Tuesday, October 17, 2006

US constitution raped this morning

Bush signs anti-terrorism lawBush signs anti-terrorism law
from news.com.au
: US President George W. Bush has signed a controversial law legalising secret CIA prisons, harsh interrogation practices and military trials as weapons against suspected terrorists...

The measure was drafted in response to a US Supreme Court ruling in June that Mr Bush had overstepped his powers and breached the Geneva Conventions by setting up special war crimes tribunals for “war on terror” suspects...

Since the opening of a US detention camp in Guantanamo Bay, Cuba, after the September 11 terrorist attacks, not one of the several hundred prisoners held there has been afforded a trial...

Detainees would be deprived of all legal recourse to protest the conditions of their detention.

The American Civil Liberties Union in a statement called “the new law one of the worst civil liberties measures ever enacted in American history”.

But Mr Bush hailed the law as “one of the most important pieces of legislation in the war on terror”.

“This Bill will allow the Central Intelligence Agency to continue its program for questioning key terrorist leaders and operatives like Khalid Sheikh Mohammed, the man believed to be the mastermind of the September the 11th, 2001 attacks on our country.”


military commissions law elicits strong emotions
from cns news: President Bush Tuesday signed into law the much contested Military Commissions Act of 2006, the law aimed at defining how suspects in the war against terrorism will be interrogated and prosecuted.

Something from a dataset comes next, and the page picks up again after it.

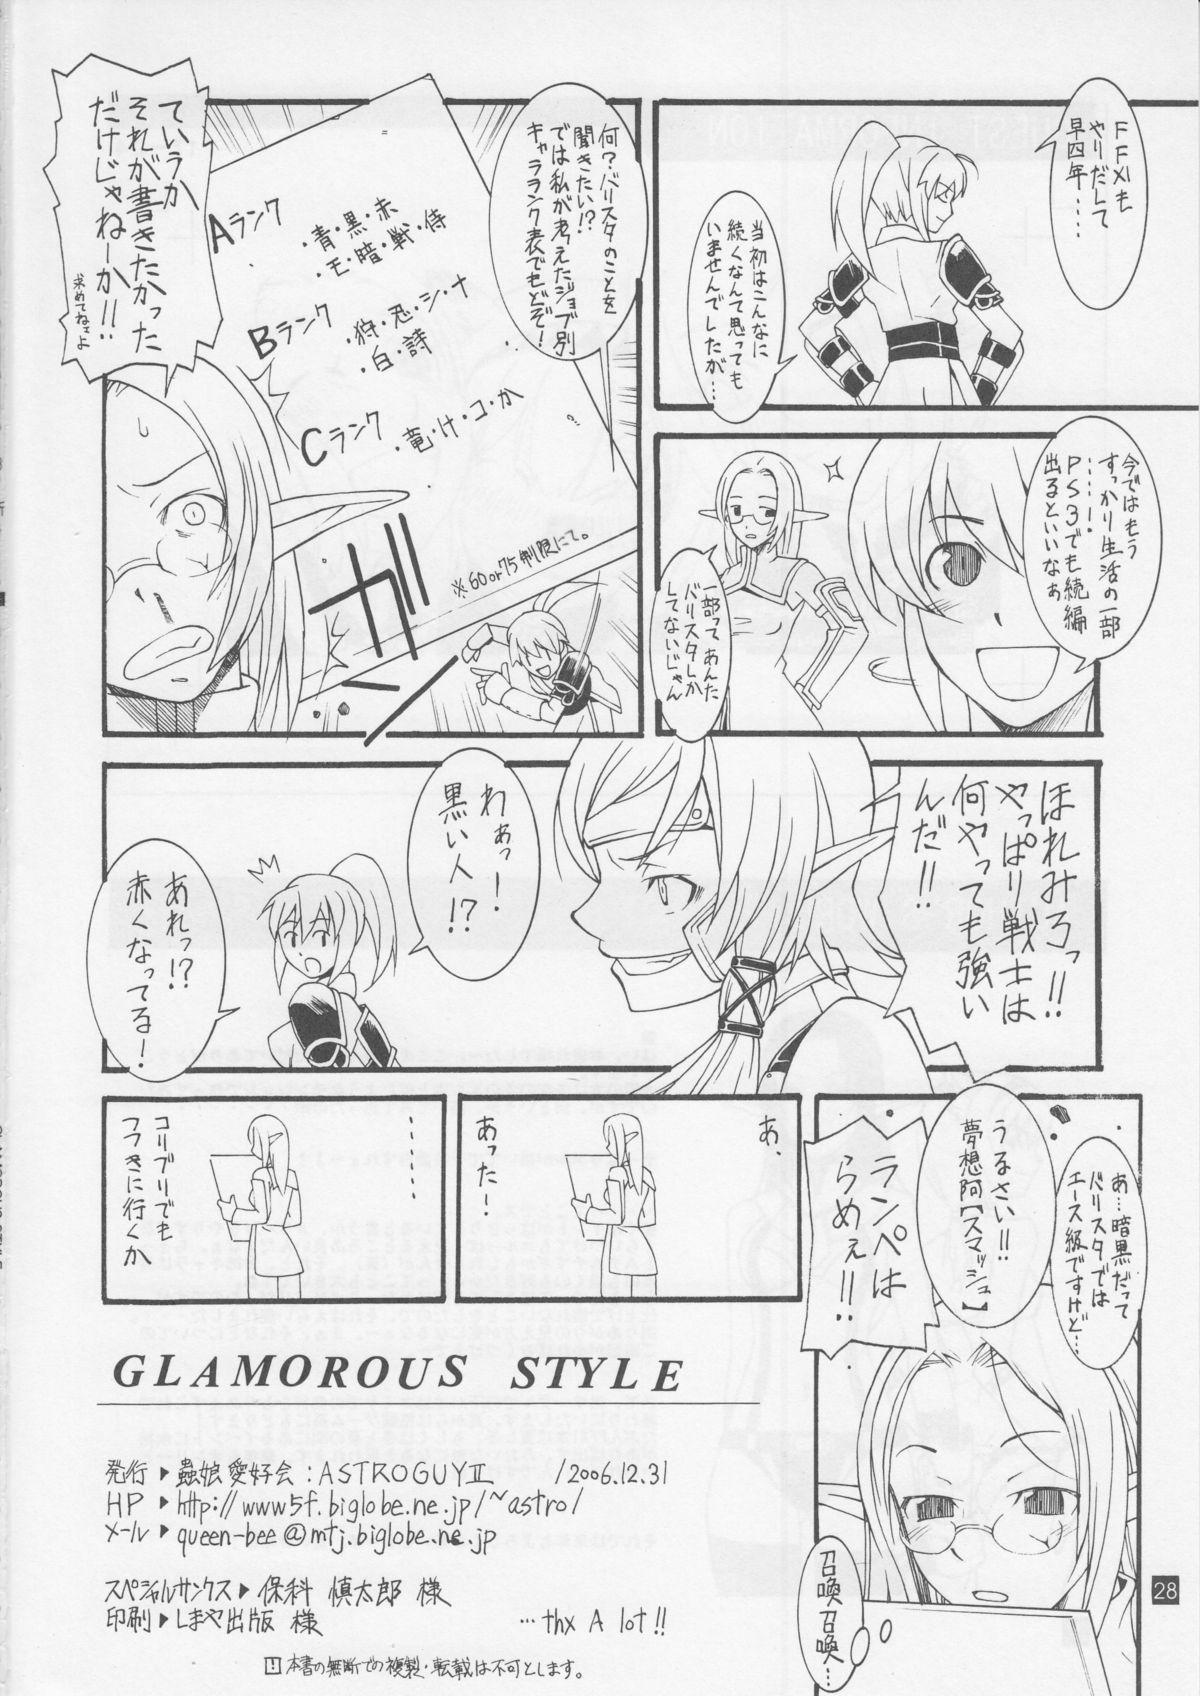 GLAMOROUS STYLE 28
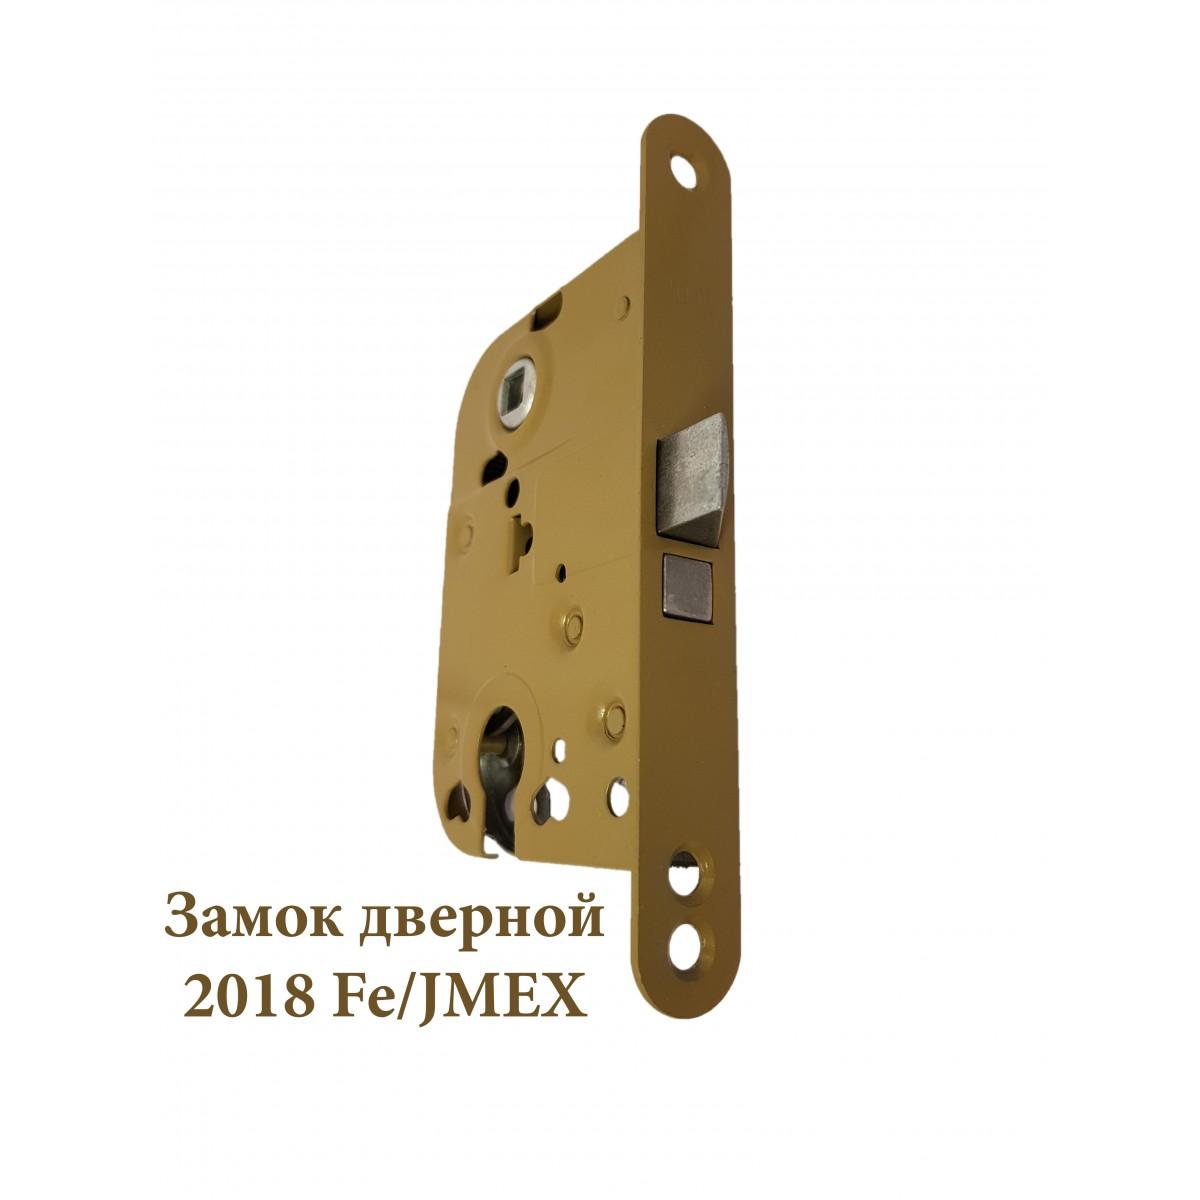 Замок дверной 2018 Fe/JMEX

Despite much criticism, the president insisted that the act would provide a just response to those accused of terrorism...

Bush repeatedly stressed that the bill is just, not simply an unprecedented move of a power hungry, war mongering executive branch, as some have argued...

Despite Bush's insistence that the act provides a fair, legal and just response to terrorists, critics of the law say it is unjust, unconstitutional and un-American.

Rabbi Arthur Waskow - director of the Shalom Center, a network for Jewish thought, is one of those critics.

"It seems quite possible that the president thinks he has the power to take any person, citizen of the United States or not, inside the territory of the United States or not, and declare that person an enemy combatant. And since habeas corpus and other access to the courts under the law is presumably denied, his decision would be final," Waskow told Cybercast News Service.

Waskow added that such authority is "vile, disgusting," and violates the U.S. Constitution. "It violates the solemn treaties of the United States from both a religious perspective and the perspective of a democratic society itself. Totally unacceptable," said Waskow.

The Shalom Center is affiliated with the Washington Region Religious Campaign Against Torture (WRRCAT) which released a statement saying that the legislation "deeply shames America" and that members of the group were "prepared to commit acts of civil disobedience" in order to deliver a statement to the president.